(Information shown)

↓↓↓

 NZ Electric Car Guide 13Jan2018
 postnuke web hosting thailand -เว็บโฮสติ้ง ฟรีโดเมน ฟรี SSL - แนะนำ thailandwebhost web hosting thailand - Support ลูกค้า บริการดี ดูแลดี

↑↑↑
↓↓↓

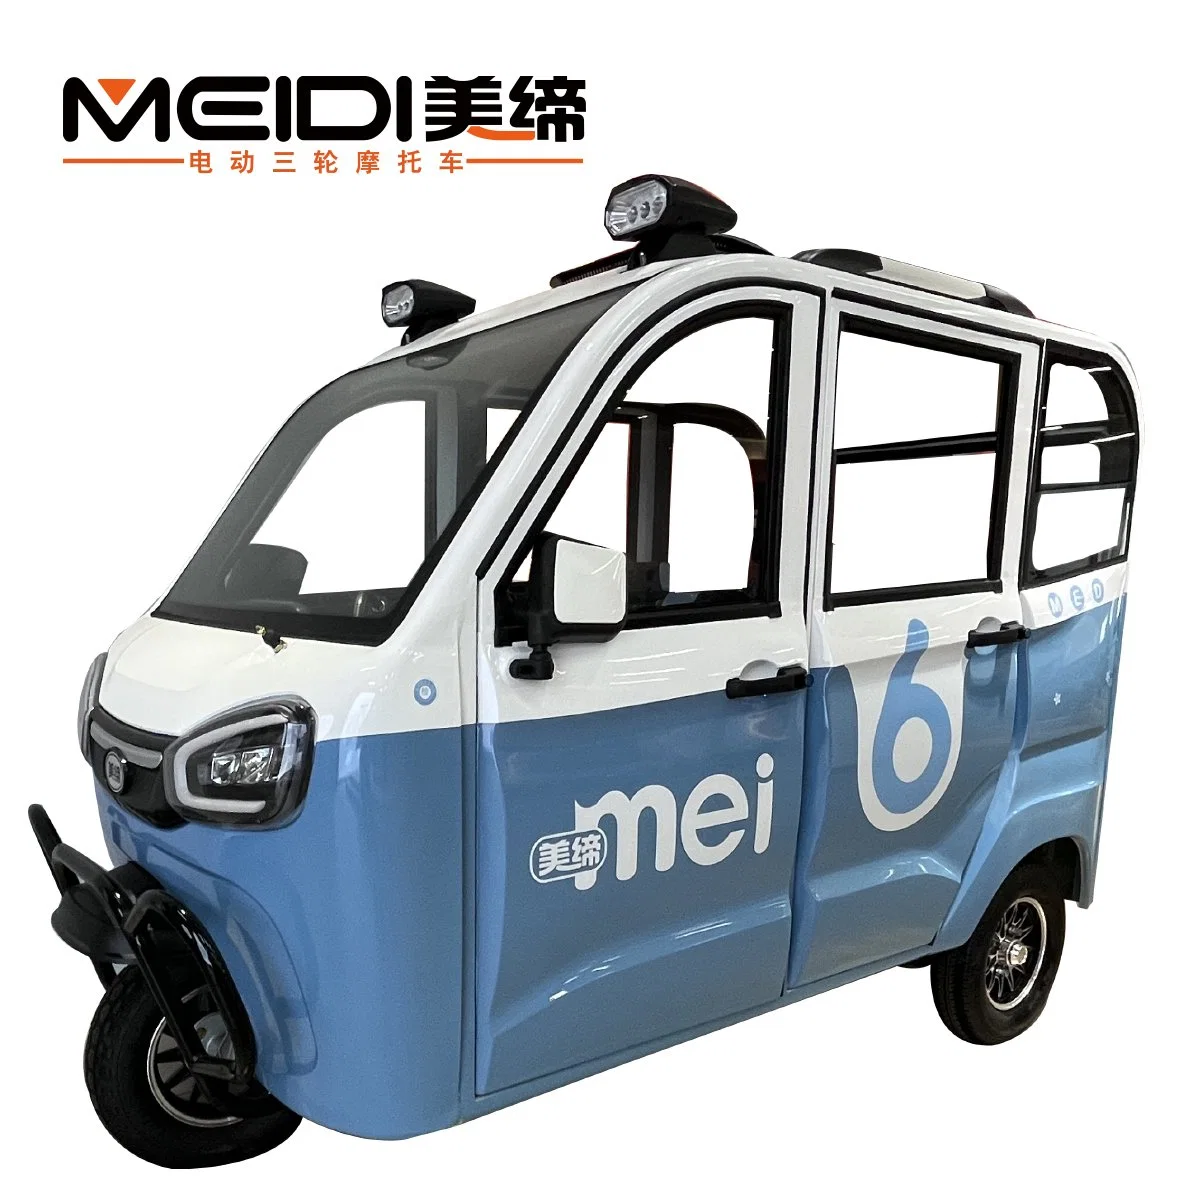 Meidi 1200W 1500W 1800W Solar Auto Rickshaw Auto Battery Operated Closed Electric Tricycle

↑↑↑
↓↓↓

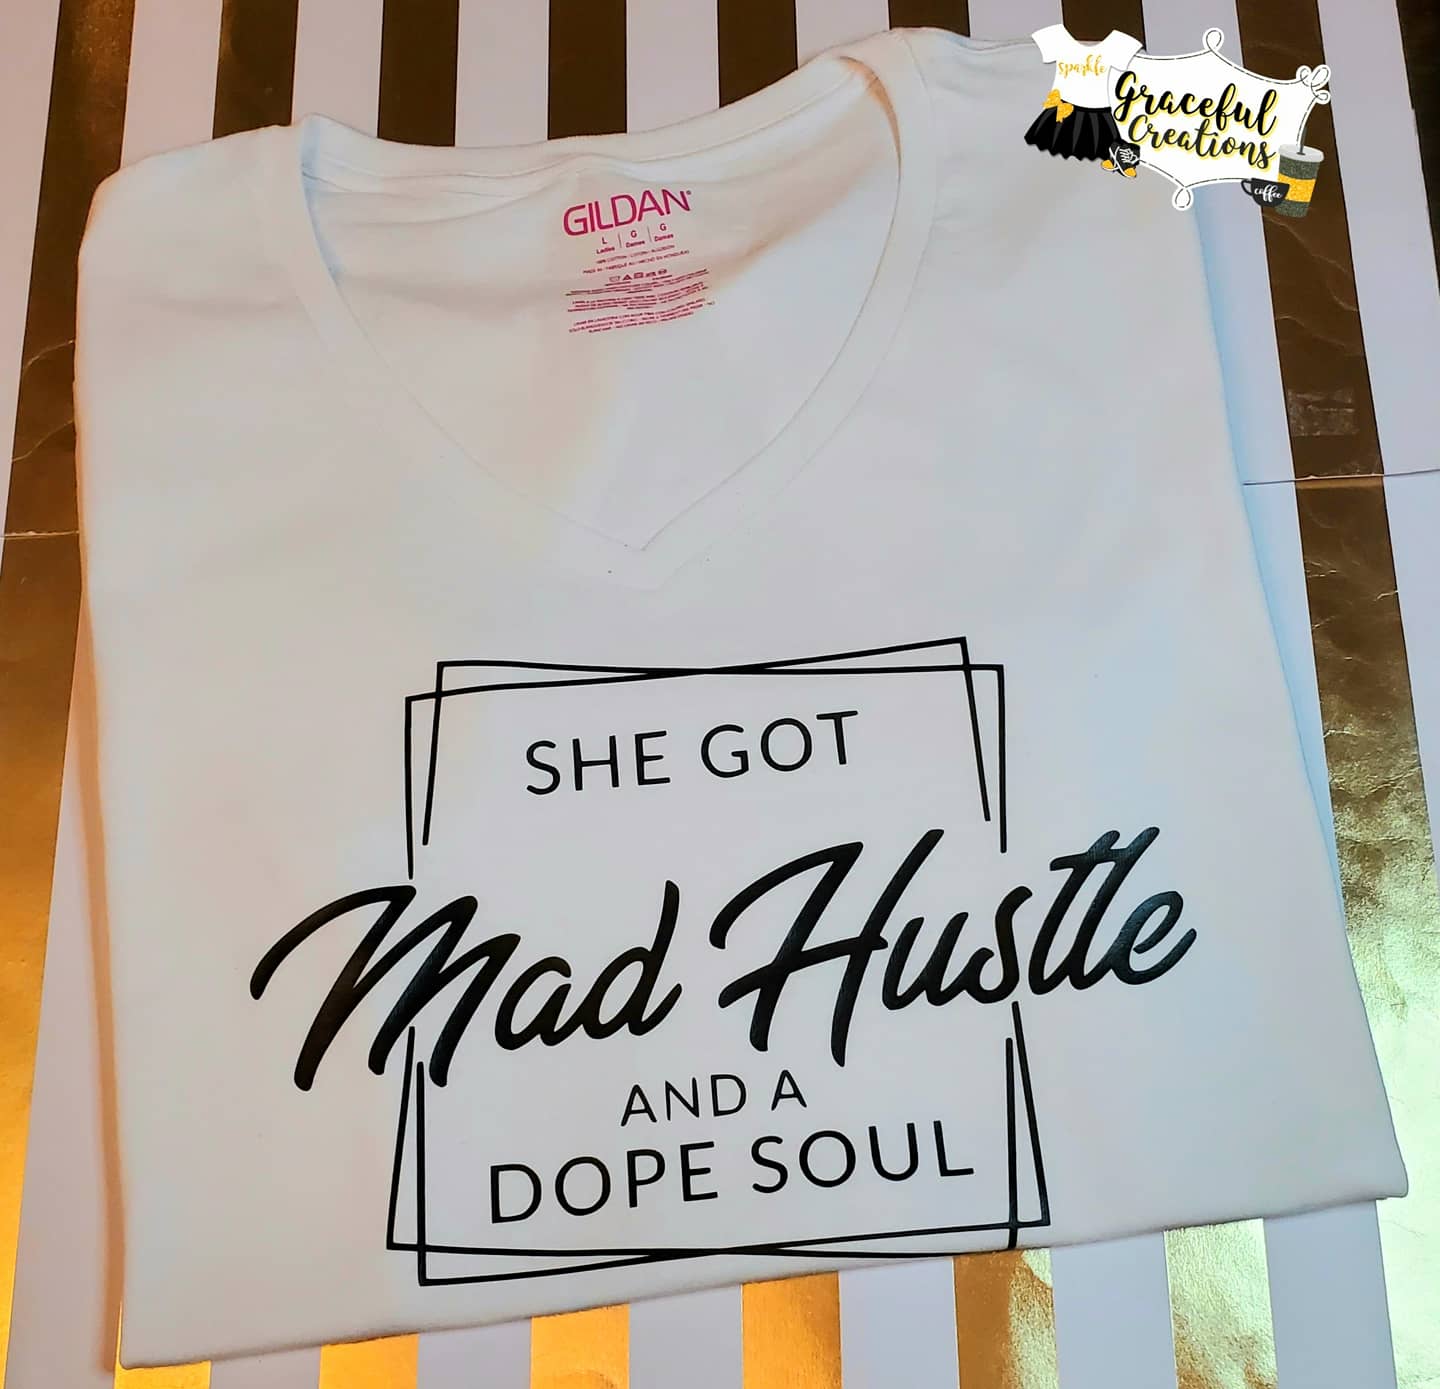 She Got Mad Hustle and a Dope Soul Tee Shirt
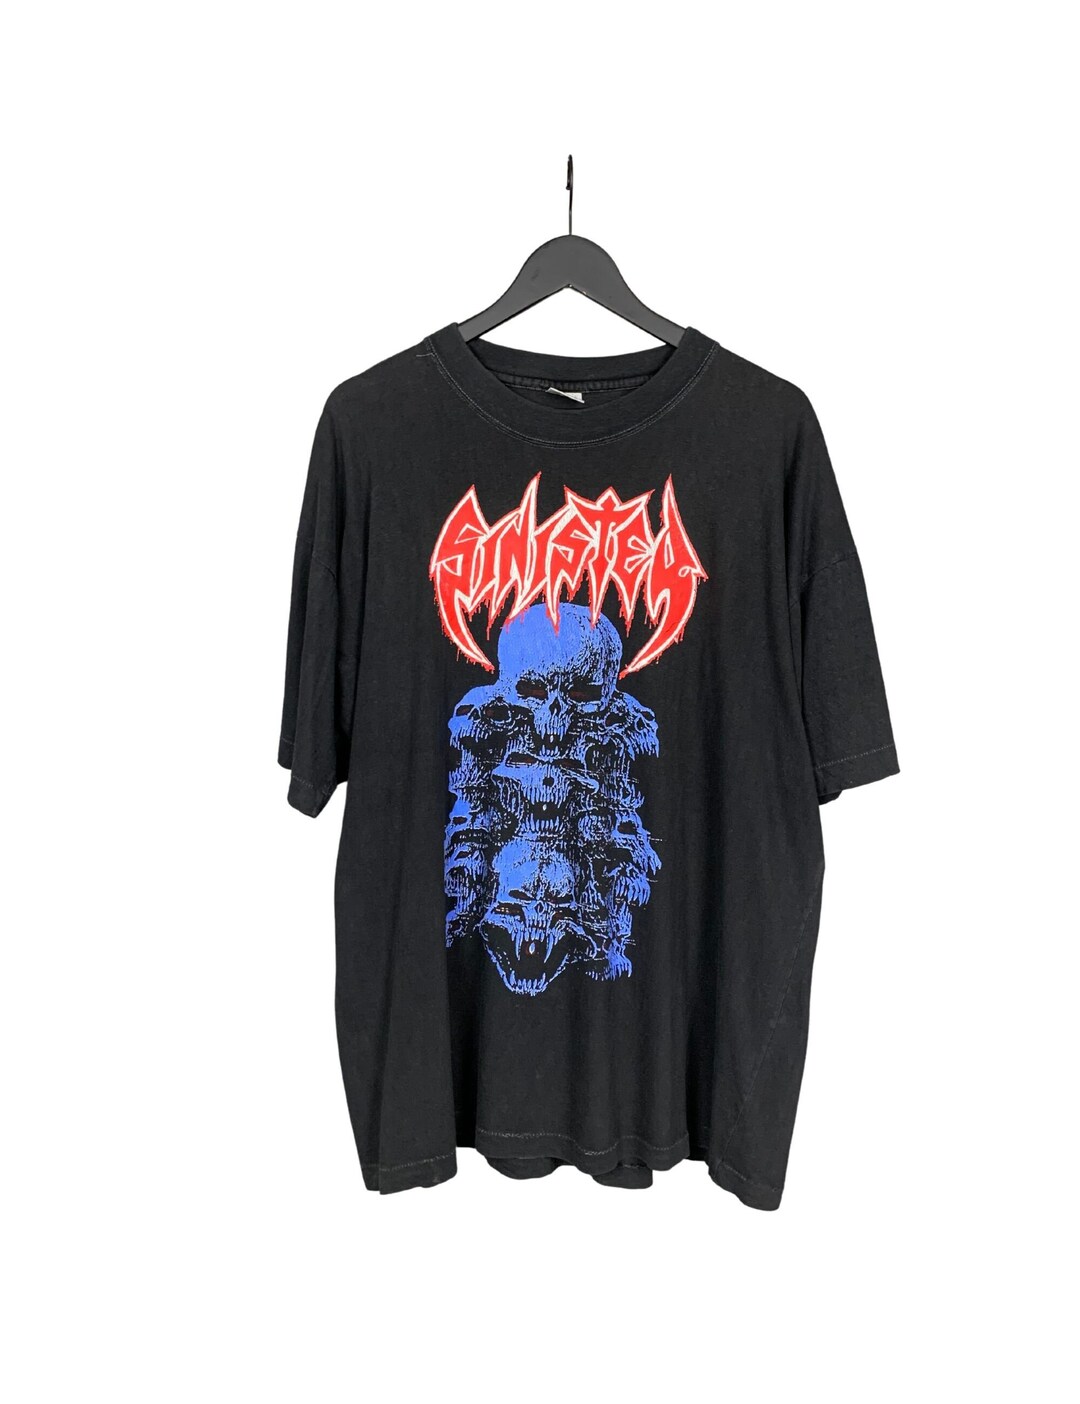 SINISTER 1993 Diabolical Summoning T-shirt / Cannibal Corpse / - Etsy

↑↑↑

(Problem to solve)
What is needed is a verbatim copy of every line in the records above from the one containing "NZ Electric Car Guide 13Jan2018" down to the one containing "postnuke web hosting", both included, and nothing more.

(Result)
 NZ Electric Car Guide 13Jan2018
 postnuke web hosting thailand -เว็บโฮสติ้ง ฟรีโดเมน ฟรี SSL - แนะนำ thailandwebhost web hosting thailand - Support ลูกค้า บริการดี ดูแลดี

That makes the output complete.